Plus préoccupant, la monnaie, qui jadis était adossée à l’or et l’argent, repose aujourd’hui principalement sur ces dettes contractées par les banques auprès des débiteurs. C’est ce que l’on nomme « l’argent dette » ou création monétaire ex nihilo [4]. Par un simple jeu d’écriture, les banques créent de la monnaie à chaque fois qu’elles octroient un crédit. L’unique garantie de la monnaie ainsi créée est la promesse que chaque emprunteur va rembourser son crédit, lors de la signature de son contrat. Sa valeur repose donc sur le travail et la production future de chacun d’eux.

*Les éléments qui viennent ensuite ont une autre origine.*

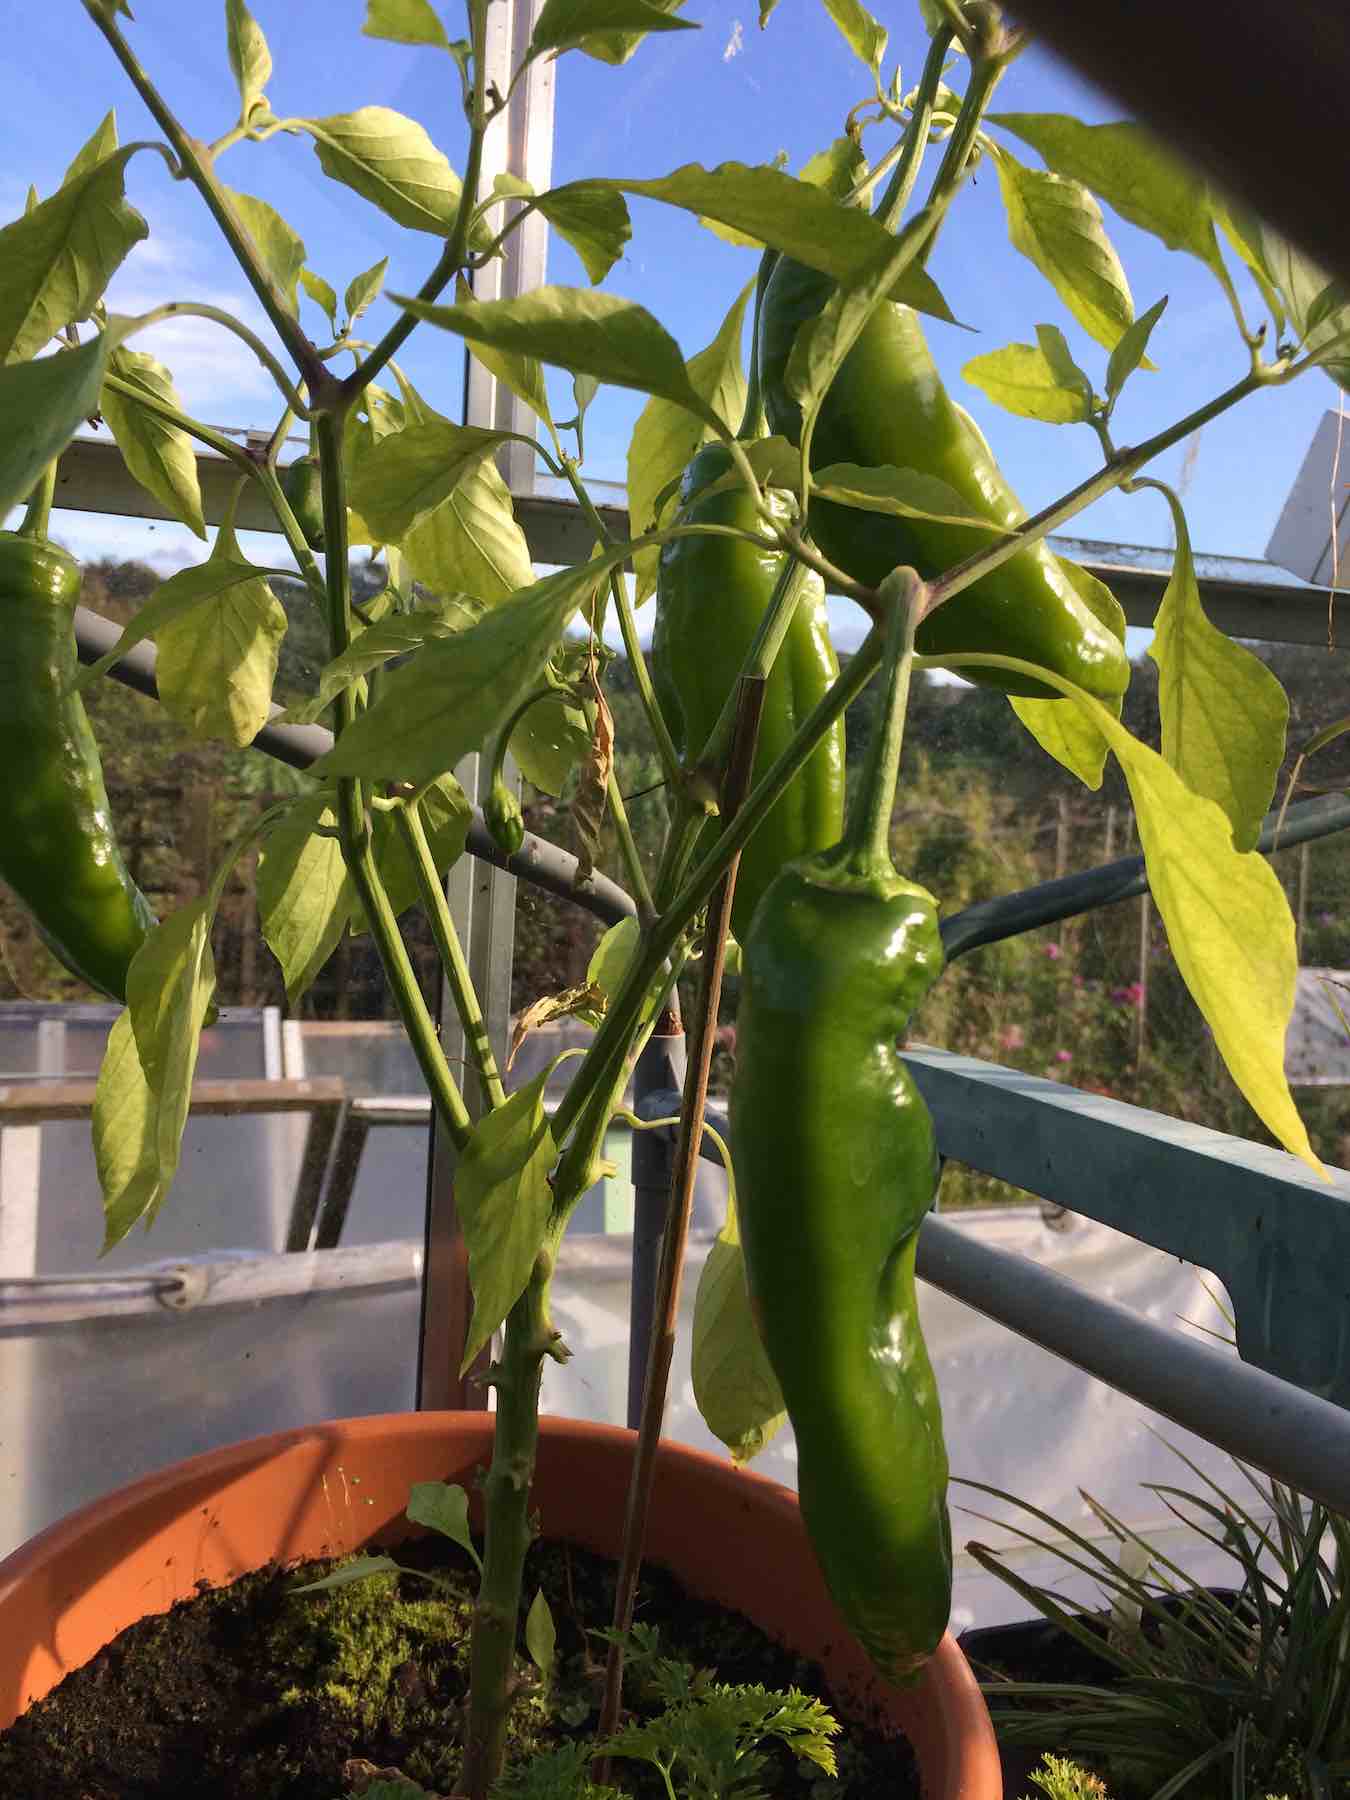 Peppers in greenhouse.jpg

Le moins que l’on puisse dire est que cet « argent dette », les grandes banques françaises en ont fait grand usage ces dernières années, notamment depuis la vague de dérégulation du secteur bancaire entamée en 1984 avec la loi Delors-Fabius, qui s’est poursuivie par la suite au gré des majorités [5]. Depuis, la seule contrainte à l’octroi de crédit est l’obligation pour les banques de respecter un ratio de solvabilité, appelé ratio Cooke, égal à 8 % de leurs capitaux propres. Ce qui veut dire qu’en théorie, en simplifiant, pour 1 euro de capitaux propres, elles peuvent distribuer 12,5 euros de crédit, et dans la pratique ce ratio peut être bien plus élevé pour certaines banques. C’est ce qu’on appelle le système des réserves fractionnaires. Il a permis aux banques de faire jouer à plein l’effet de levier et ainsi d’inonder l’économie de crédits et donc de monnaie [6].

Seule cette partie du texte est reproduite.